First, potential collisions are found by computing intersections between the bounding boxes of the cells and the set of points. Then, actual containment pairs are determined using the GJK algorithm.

Parameters:

  • mesh – The mesh

  • points – Points to check for collision, shape=(num_points, gdim)

  • padding – Amount of absolute padding of bounding boxes of the mesh. Each bounding box of the mesh is padded with this amount, to increase the number of candidates, avoiding rounding errors in determining the owner of a point if the point is on the surface of a cell in the mesh.

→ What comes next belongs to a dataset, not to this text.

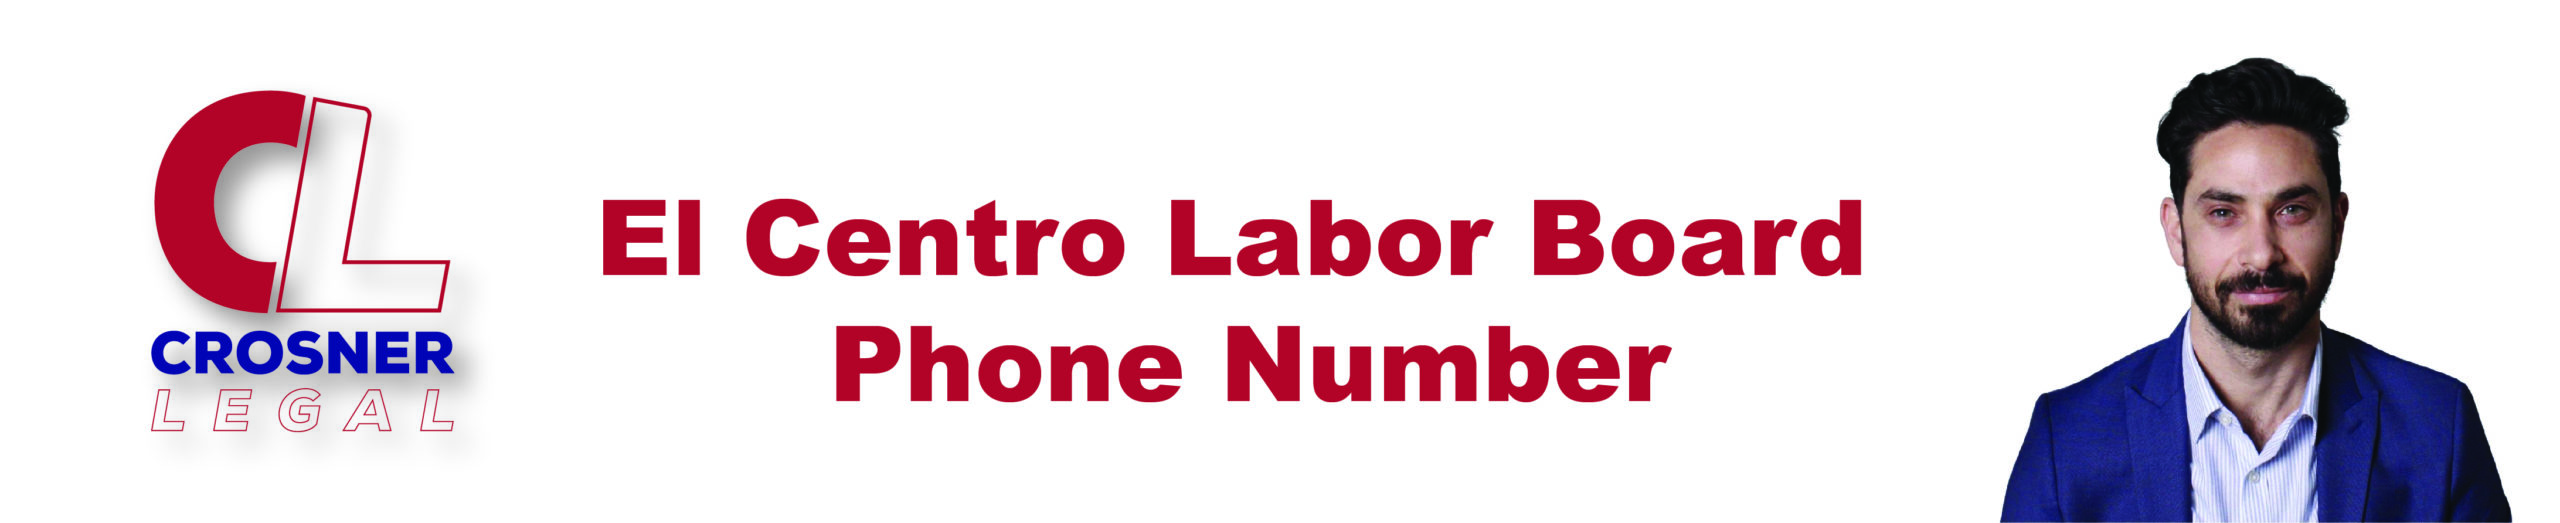 El Centro Labor Board Phone Number

  • cells – Cells to check for ownership If None then all cells are considered.

Returns:

Point ownership data

Note

dest_owner is sorted

src_owner is -1 if no colliding process is found

A large padding value will increase the run-time of the code

by orders of magnitude. General advice is to use a padding on the scale of the cell size.

dolfinx.geometry.squared_distance(mesh: Mesh, dim: int, entities: npt.NDArray[np.int32], points: npt.NDArray[np.floating]) npt.NDArray[np.floating][source]

Compute the squared distance between a point and a mesh entity.

The distance is computed between the ith input points and the ith input entity.

Parameters:

  • mesh – Mesh containing the entities.

  • dim – Topological dimension of the mesh entities.

  • entities – Indices of the mesh entities (local to process).

  • points – Points to compute the shortest distance from (shape=(num_points, 3)).

Returns:

Squared shortest distance from points[i] to entities[i].